IGAE is termed to minimize the reconstruction loss over the weighted attribute matrix and the adjacency matrix at the same time.
Structure and attribute information fusion (SAIF) module. It has two parts:
* a crossmodality dynamic fusion mechanism.
a triplet selfsupervised strategy.
The overall structure of SAIF is illustrated in Fig. 2.
Part 1 :Cross-modality Dynamic Fusion Mechanism.

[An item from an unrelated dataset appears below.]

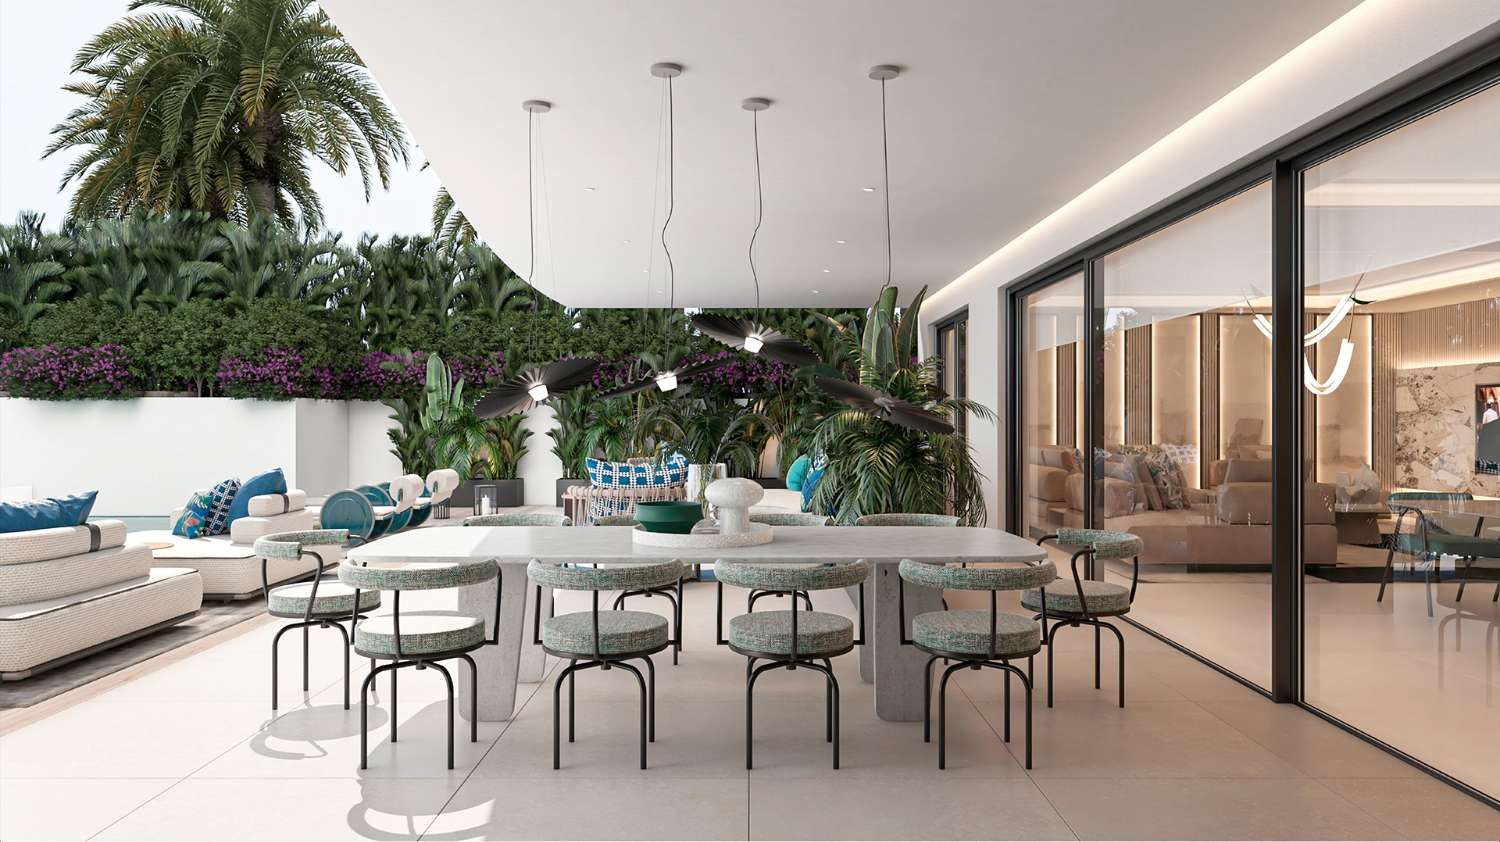 Exclusive luxury homes on the beachfront, Las Chapas, Marbella!
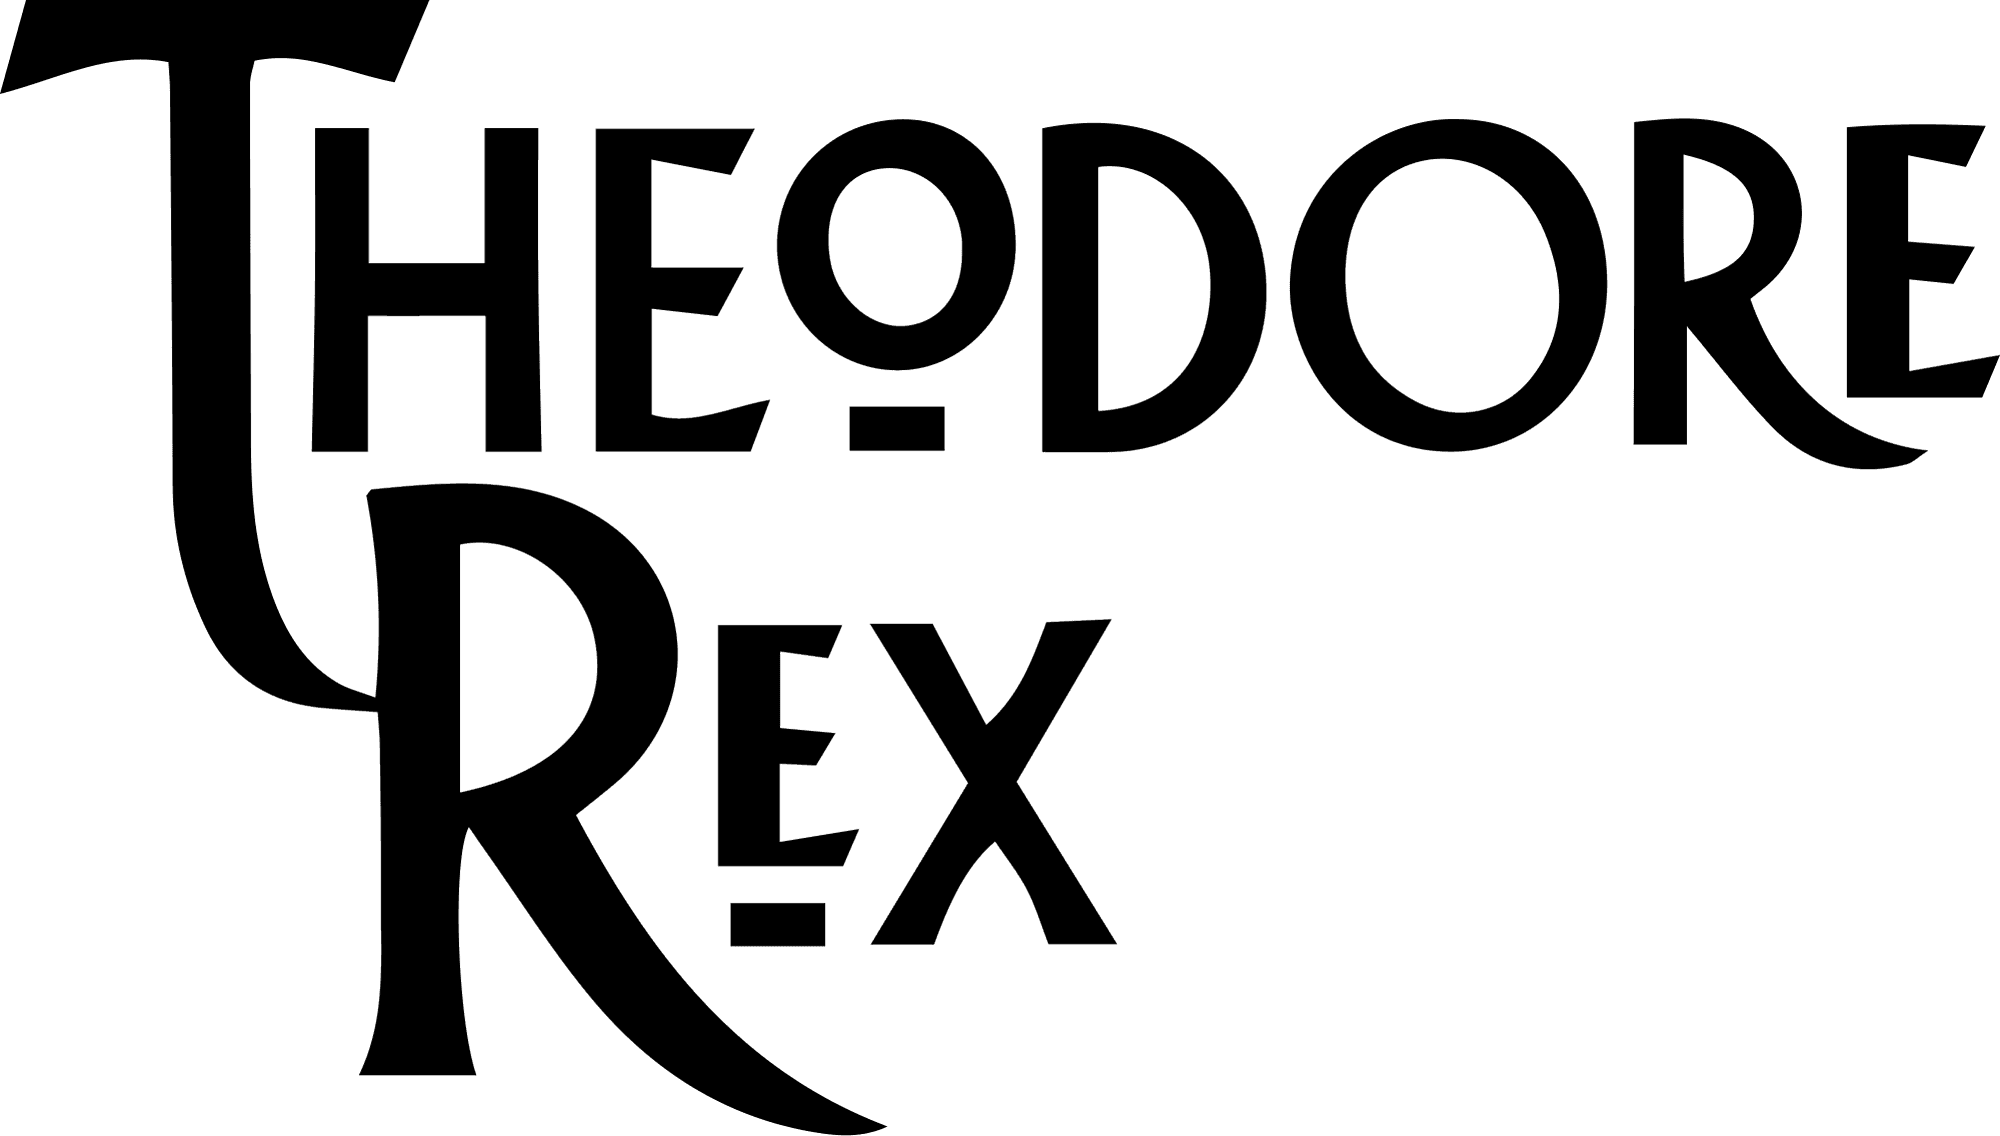 Theodore Rex logo

This modul includes four Steps:
First, we combine the latent embedding of $\mathrm{AE} \left(\mathbf{Z}_{A E} \in \mathbb{R}^{N \times d^{\prime}}\right)$ and IGAE $\left(\mathbf{Z}_{I G A E} \in \mathbb{R}^{N \times d^{\prime}}\right)$ with a linear combination operation:
$\mathbf{Z}_{I}=\alpha \mathbf{Z}_{A E}+(1-\alpha) \mathbf{Z}_{I G A E}\quad \quad \quad (6)$
In Eq.(6)
* $d^{\prime}$ is the latent embedding dimension, and
Secondly, we process the combined information $\mathbf{Z}_{I}$ with a graph convolution-like operation. With this operation, we enhance the initial fused embedding $\mathbf{Z}_{I} \in \mathbb{R}^{N \times d^{\prime}}$ by considering the local structure within data:
$ \mathbf{Z}_{L}=\widetilde{\mathbf{A}} \mathbf{Z}_{I}\quad \quad \quad (7)$
In Eq.(7)
* $\mathbf{Z}_{L} \in \mathbb{R}^{N \times d^{\prime}}$ denotes the local structure enhanced $\mathbf{Z}_{I}$ .
Thirdly, we further introduce a self-correlated learning mechanism to exploit the non-local relationship in the preliminary information fusion space among samples.We first calculate the normalized self-correlation matrix $\mathbf{S} \in \mathbb{R}^{N \times N}$ through Eq.(8):
${\large \mathbf{S}_{i j}=\frac{e^{\left(\mathbf{Z}_{L} \mathbf{Z}_{L}^{\mathrm{T}}\right)_{i j}}}{\sum\limits _{k=1}^{N} e^{\left(\mathbf{Z}_{L} \mathbf{Z}_{L}^{\mathrm{T}}\right)_{i k}}}} \quad \quad \quad (8)$
And then ,caculate the global correlation:
$\mathbf{Z}_{G}=\mathbf{S} \mathbf{Z}_{L}$ .
Finally,we adopt a skip connection to encourage information to pass smoothly within the fusion mechanism:
$\widetilde{\mathbf{Z}}=\beta \mathbf{Z}_{G}+\mathbf{Z}_{L} \quad \quad \quad (9)$
In Eq.(9)
* $\beta$ is a scale parameter. We initialize it as $0$ and learn its weight while training the network.
Conclusion of this Part
* Technically, our cross-modality dynamic fusion mechanism considers the sample correlation in both the perspective of the local and global level. Thus, it has potential benefit on finely fusing and refining the information from both $\mathrm{AE}$ and IGAE for learning consensus latent representations.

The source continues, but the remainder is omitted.